» **Supplied material**

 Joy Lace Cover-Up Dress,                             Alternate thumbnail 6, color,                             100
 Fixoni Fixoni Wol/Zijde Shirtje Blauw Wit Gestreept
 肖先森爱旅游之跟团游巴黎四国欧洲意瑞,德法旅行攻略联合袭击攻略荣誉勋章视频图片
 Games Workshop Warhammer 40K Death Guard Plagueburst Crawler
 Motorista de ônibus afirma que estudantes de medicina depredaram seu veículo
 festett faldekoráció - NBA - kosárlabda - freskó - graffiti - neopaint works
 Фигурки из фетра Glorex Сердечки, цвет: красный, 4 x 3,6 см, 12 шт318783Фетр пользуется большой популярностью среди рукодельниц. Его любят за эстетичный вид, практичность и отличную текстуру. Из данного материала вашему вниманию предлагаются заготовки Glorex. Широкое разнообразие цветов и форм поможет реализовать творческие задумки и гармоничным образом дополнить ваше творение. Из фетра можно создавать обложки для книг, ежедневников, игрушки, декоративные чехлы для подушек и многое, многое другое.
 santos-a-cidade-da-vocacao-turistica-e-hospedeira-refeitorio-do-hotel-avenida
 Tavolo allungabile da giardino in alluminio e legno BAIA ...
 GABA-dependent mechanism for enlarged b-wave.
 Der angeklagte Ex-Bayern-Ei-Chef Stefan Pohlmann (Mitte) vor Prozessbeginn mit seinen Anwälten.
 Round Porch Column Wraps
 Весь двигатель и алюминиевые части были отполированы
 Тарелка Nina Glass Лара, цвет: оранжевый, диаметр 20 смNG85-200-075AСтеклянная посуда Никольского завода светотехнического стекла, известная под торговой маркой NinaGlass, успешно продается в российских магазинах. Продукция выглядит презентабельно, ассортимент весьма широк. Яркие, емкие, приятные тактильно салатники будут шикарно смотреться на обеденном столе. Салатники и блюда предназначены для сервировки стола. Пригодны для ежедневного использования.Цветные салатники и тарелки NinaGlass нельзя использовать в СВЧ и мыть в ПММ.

» **What the exercise asks**
Write the material out again in its entirety, exactly as shown.

» **Result**
 Joy Lace Cover-Up Dress,                             Alternate thumbnail 6, color,                             100
 Fixoni Fixoni Wol/Zijde Shirtje Blauw Wit Gestreept
 肖先森爱旅游之跟团游巴黎四国欧洲意瑞,德法旅行攻略联合袭击攻略荣誉勋章视频图片
 Games Workshop Warhammer 40K Death Guard Plagueburst Crawler
 Motorista de ônibus afirma que estudantes de medicina depredaram seu veículo
 festett faldekoráció - NBA - kosárlabda - freskó - graffiti - neopaint works
 Фигурки из фетра Glorex Сердечки, цвет: красный, 4 x 3,6 см, 12 шт318783Фетр пользуется большой популярностью среди рукодельниц. Его любят за эстетичный вид, практичность и отличную текстуру. Из данного материала вашему вниманию предлагаются заготовки Glorex. Широкое разнообразие цветов и форм поможет реализовать творческие задумки и гармоничным образом дополнить ваше творение. Из фетра можно создавать обложки для книг, ежедневников, игрушки, декоративные чехлы для подушек и многое, многое другое.
 santos-a-cidade-da-vocacao-turistica-e-hospedeira-refeitorio-do-hotel-avenida
 Tavolo allungabile da giardino in alluminio e legno BAIA ...
 GABA-dependent mechanism for enlarged b-wave.
 Der angeklagte Ex-Bayern-Ei-Chef Stefan Pohlmann (Mitte) vor Prozessbeginn mit seinen Anwälten.
 Round Porch Column Wraps
 Весь двигатель и алюминиевые части были отполированы
 Тарелка Nina Glass Лара, цвет: оранжевый, диаметр 20 смNG85-200-075AСтеклянная посуда Никольского завода светотехнического стекла, известная под торговой маркой NinaGlass, успешно продается в российских магазинах. Продукция выглядит презентабельно, ассортимент весьма широк. Яркие, емкие, приятные тактильно салатники будут шикарно смотреться на обеденном столе. Салатники и блюда предназначены для сервировки стола. Пригодны для ежедневного использования.Цветные салатники и тарелки NinaGlass нельзя использовать в СВЧ и мыть в ПММ.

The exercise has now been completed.